Douglas Martin’s Dirty Shoes: The Golden Tomb of King Tuff

Douglas Martin’s church ain’t got enough room for all the tombs. King Tuff was already dead and reborn before most people even heard of him. By the time he released his pretty...
By    May 31, 2013

was dead reissue(1)

Douglas Martin’s church ain’t got enough room for all the tombs.

King Tuff was already dead and reborn before most people even heard of him. By the time he released his pretty widely-acclaimed self-titled record, Kyle Thomas had already been in a million bands, including the one he formed while the ink was still drying on his contract with Sub Pop, the one he formed with all-time great J. Mascis, and the one he formed with a whole bunch of other people (who in tandem managed to create a pretty great but sorely underrated hippie-folk album).

 All three of those bands had Google-proof names, possibly as a subconscious or preliminary defense against the excitable whispers all over the indie rock underground whenever the name King Tuff was mentioned. Now that 2008’s classic Was Dead is being reissued by garage-rock cathedral Burger Records, tardy Tuff converts can fire up a bowl and hear for themselves what the fuss was about.

 From the psyched-out rave-up of opener “Dancing on You” to driving closer “So Desperate,” it’s apparent Thomas is a garage musician only in the loosest sense of the term. There’s a faithfulness to pop songwriting conventions that suggests the prevailing influence of classic-rock. And we’re not talking the kind of classic rock that it’s okay for punks to like nowadays (i.e. Springsteen and Neil Young), but the kind that cycles in two-hour blocks all day on FM radio, blasting out of every Pontiac that passes you on the street. Lunkheaded riffs, foot-on-monitor solos, and lyrics about missing, loving, or wanting a pretty girl are plastered all over the record in thick, chunky globs.

Appreciatively, the influence of classic-rock isn’t just a lazy aesthetic signpost, but a testament to a period in music history where the concept of writing songs wasn’t typecast as formalism. “Kind of Guy” could come across as somewhat cliche if it weren’t for Thomas’ charisma, nor would “Animal” be the kind of beer-hoisting anthem it is, with its spelled-out chorus and shouts of eating pizza ALL FUCKIN’ NIGHT.

There’s a cleverness in Thomas’ writing that belies the “rock first, think later” approach to classic-rock standards. The songs on Was Dead that aren’t about girls are about being a slacker, and Thomas sells it all in a way that doesn’t feel anything like irony or rock-star posturing.
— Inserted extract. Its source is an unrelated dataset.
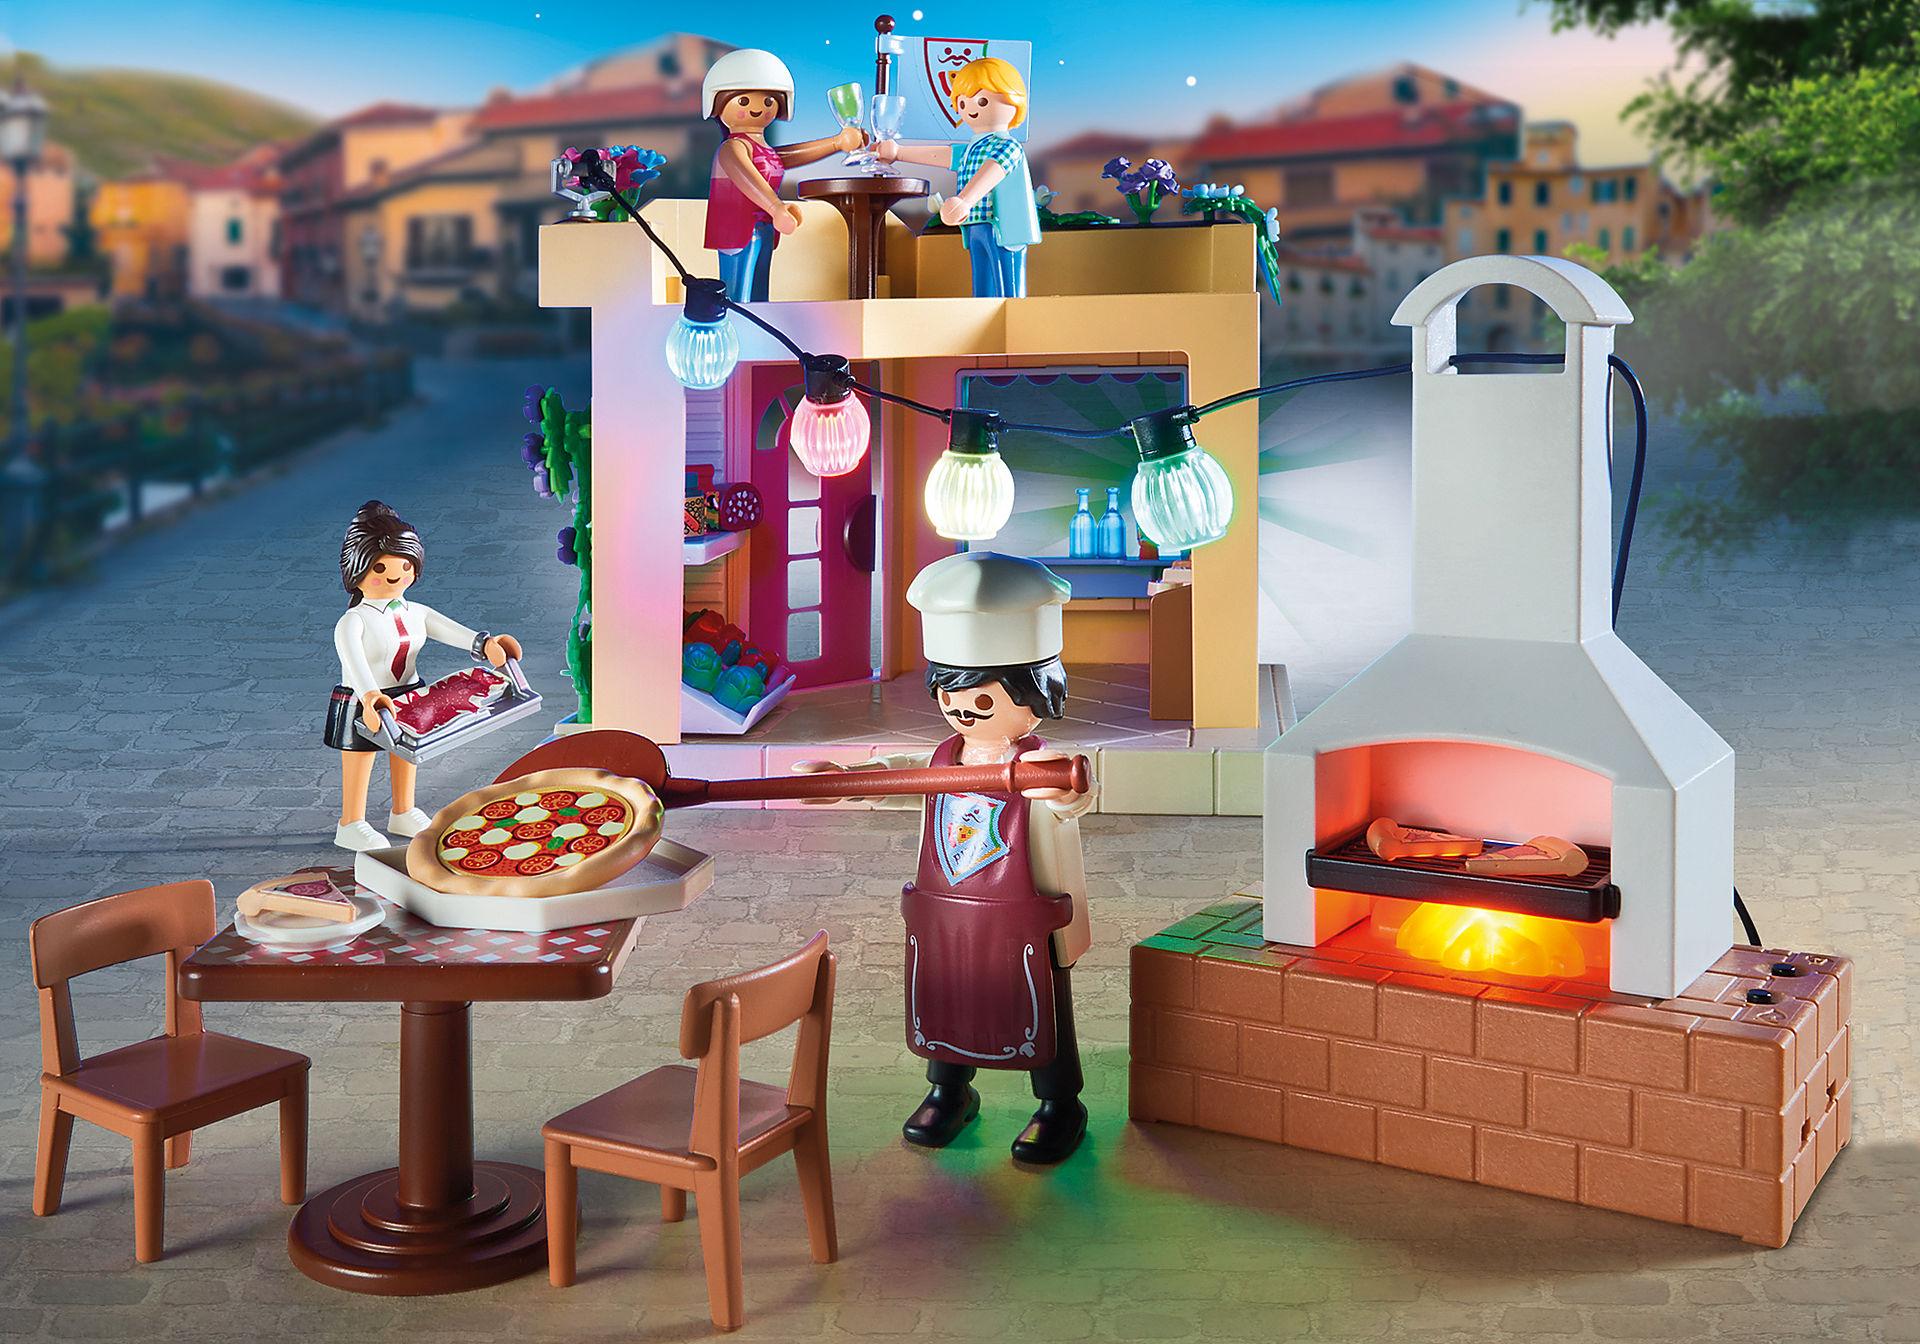 70336 Pizzeria z ogródkiem restauracyjnym zoom image5

He realizes life is short and then you die (“Animal”), so you might as well be buried with all of your rings (“Freak When I’m Dead”).

A standard Thomas does believe in, however, is “variety is the spice of life,” as evidenced by Was Dead’s stylistic hopscotch, throwing together the outlaw country vibe of songs like “Sun Medallion” and “Freak When I’m Dead,” the Strokes-like preening of “A Pretty Dress” and “Just Strut,” and the sloshed boogie of “Lazerbeam” and “Ruthie Ruthie,” and I’m not usually the kind of person to throw around the word “boogie” unironically.
Five years ago, when King Tuff ascended atop his throne and the sun beamed rays on his crown, the world was a cold and unresponsive place, caught up in the glitzy disco balls still adorning dance-punk and the rustic cabins from which Fleet Foxes sprang forth. He gave us his testament and only found believers in the lost souls and stoner outcasts on the fringes. Now that his spirit has been reborn, we’ve been given a second chance to bask in the way rock ‘n roll music is supposed to make us feel. A repressing of a five-year-old, formerly obscure lo-fi-ish album shouldn’t really be a music nerd’s ticket to salvation, but if your spirit doesn’t rattle at least a little bit to Was Dead, then I really have to worry about your soul. Long live the king.